Give back the listing in full and exactly, leaving out the images.

__DATA BLOCK__
- Opening Delimiter -

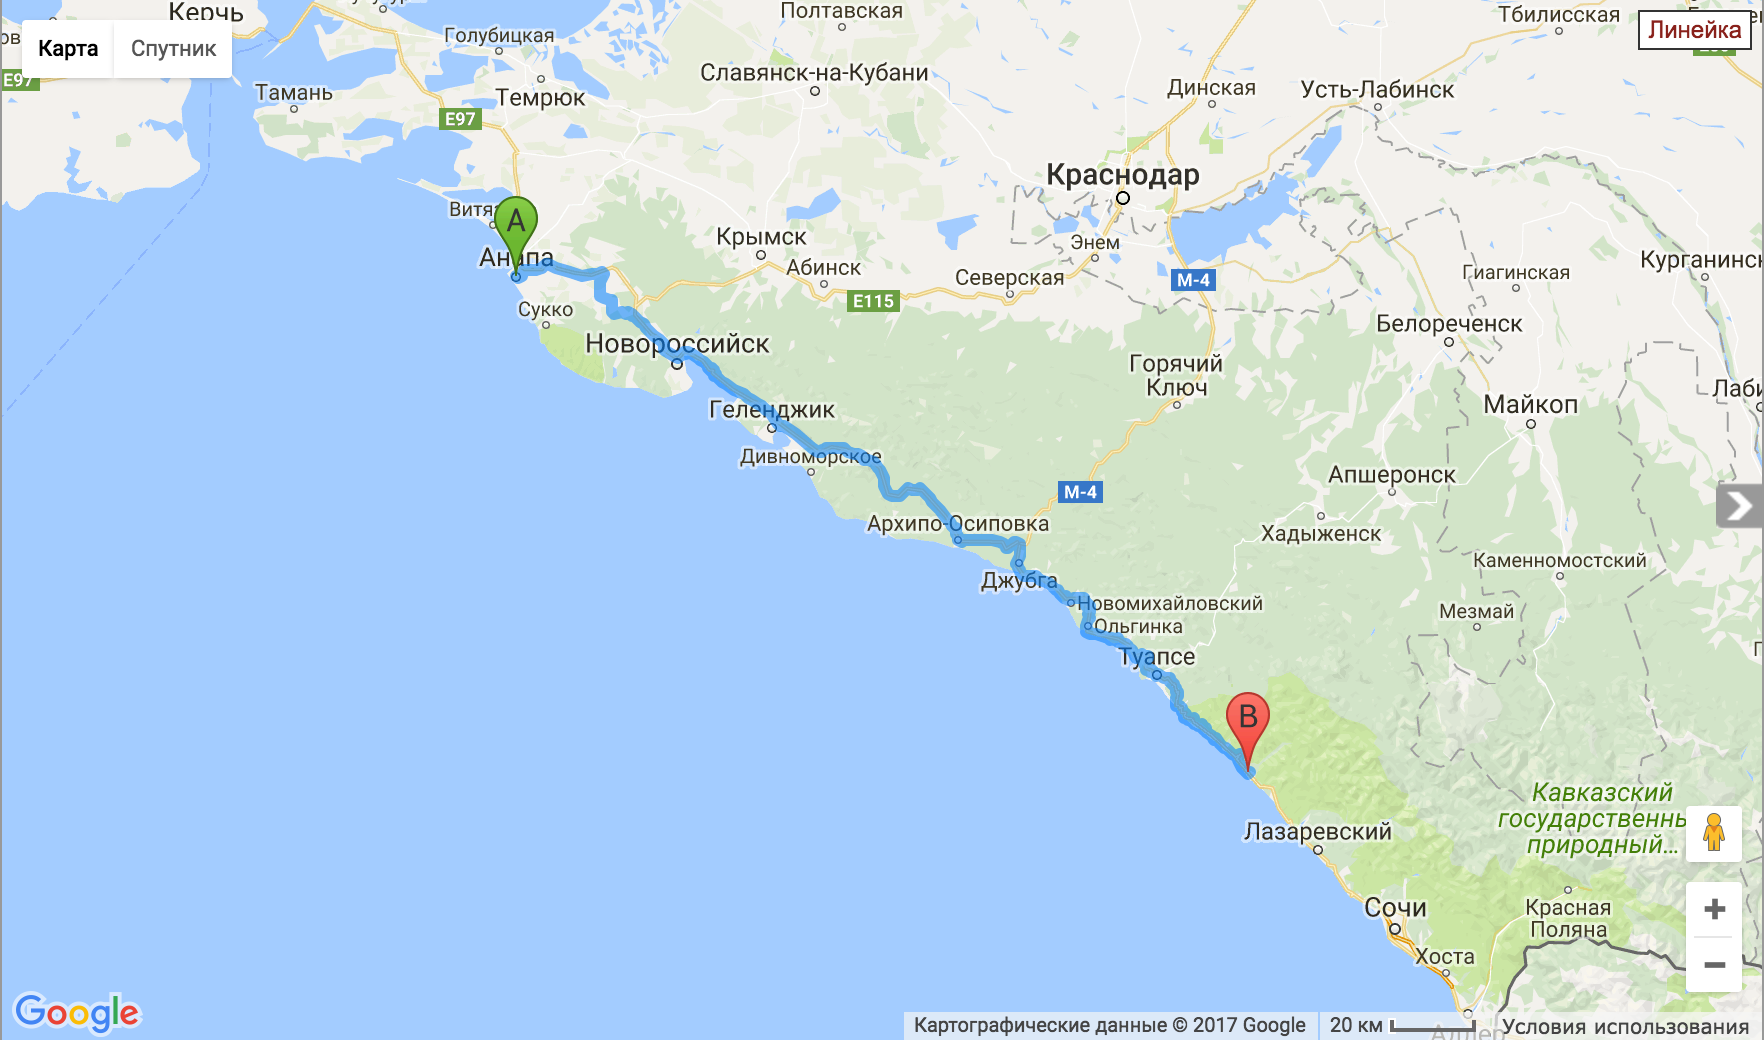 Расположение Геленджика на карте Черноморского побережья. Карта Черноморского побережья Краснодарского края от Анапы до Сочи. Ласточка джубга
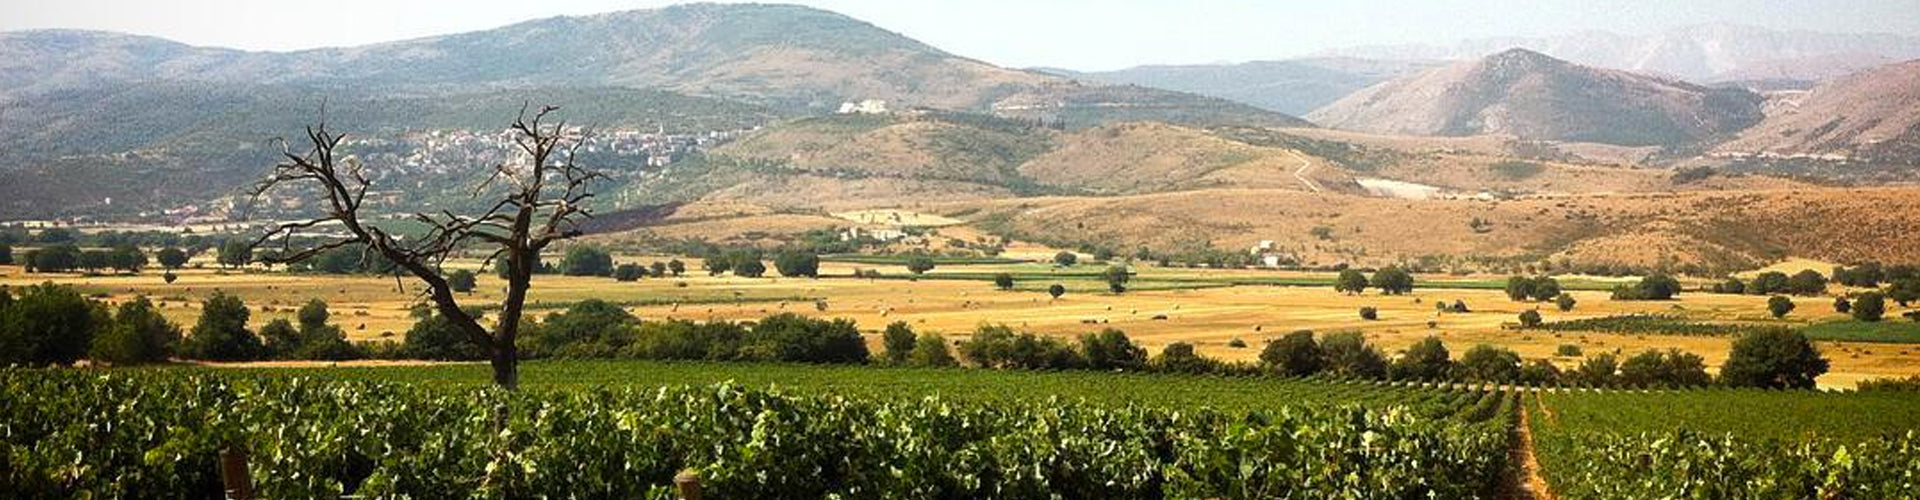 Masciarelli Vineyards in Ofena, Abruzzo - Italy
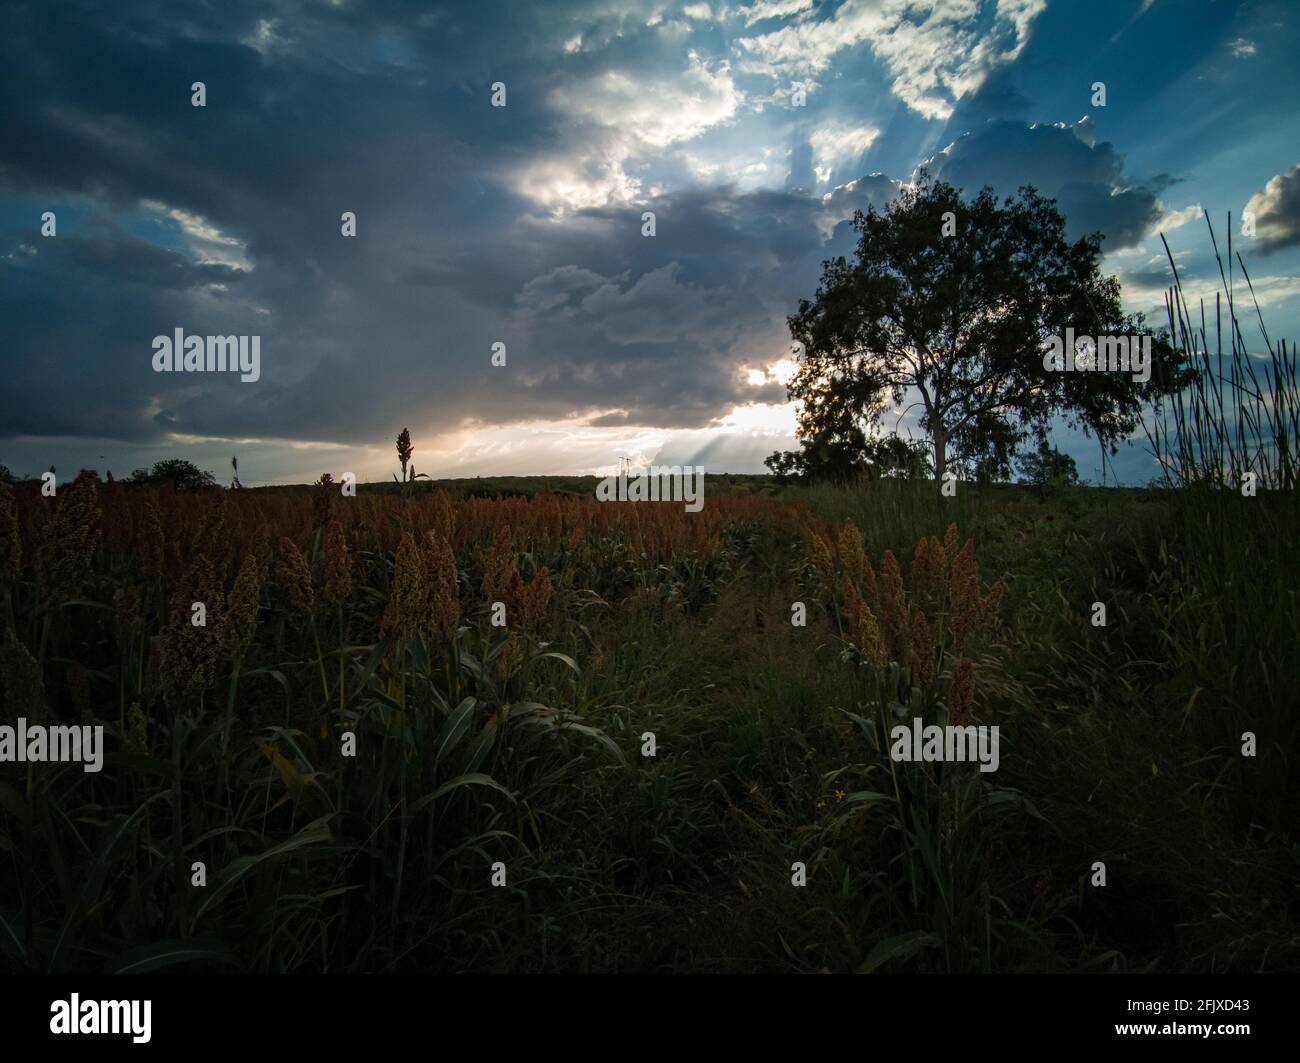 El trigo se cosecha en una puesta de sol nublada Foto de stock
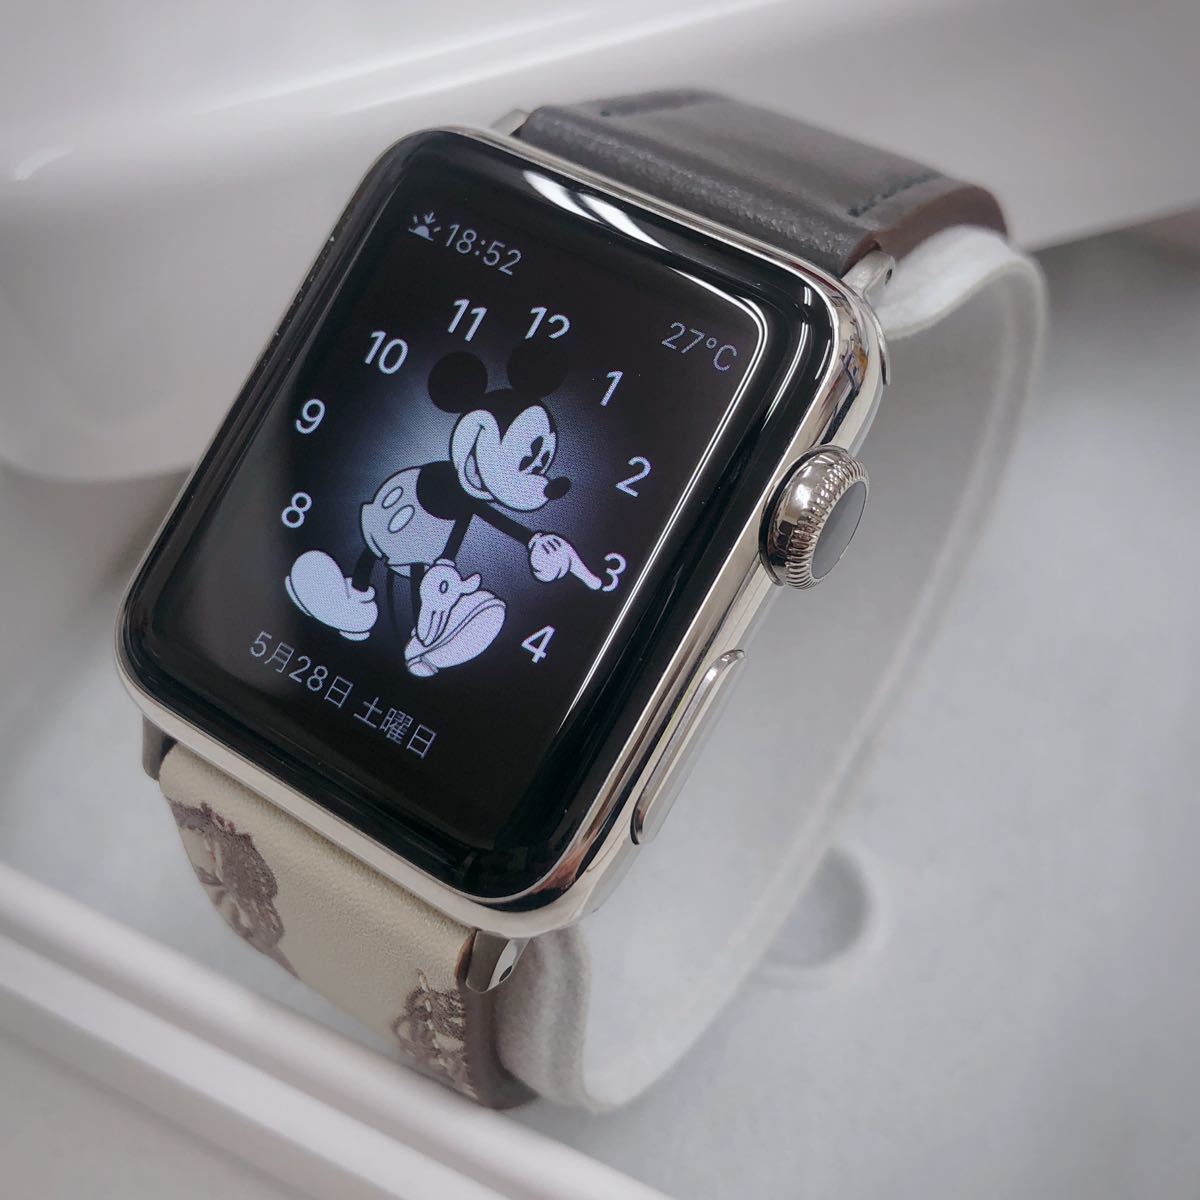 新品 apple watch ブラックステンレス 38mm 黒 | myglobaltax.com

- Closing Delimiter -

__COMPLETED TASK__
 Расположение Геленджика на карте Черноморского побережья. Карта Черноморского побережья Краснодарского края от Анапы до Сочи. Ласточка джубга
 Masciarelli Vineyards in Ofena, Abruzzo - Italy
 El trigo se cosecha en una puesta de sol nublada Foto de stock
 新品 apple watch ブラックステンレス 38mm 黒 | myglobaltax.com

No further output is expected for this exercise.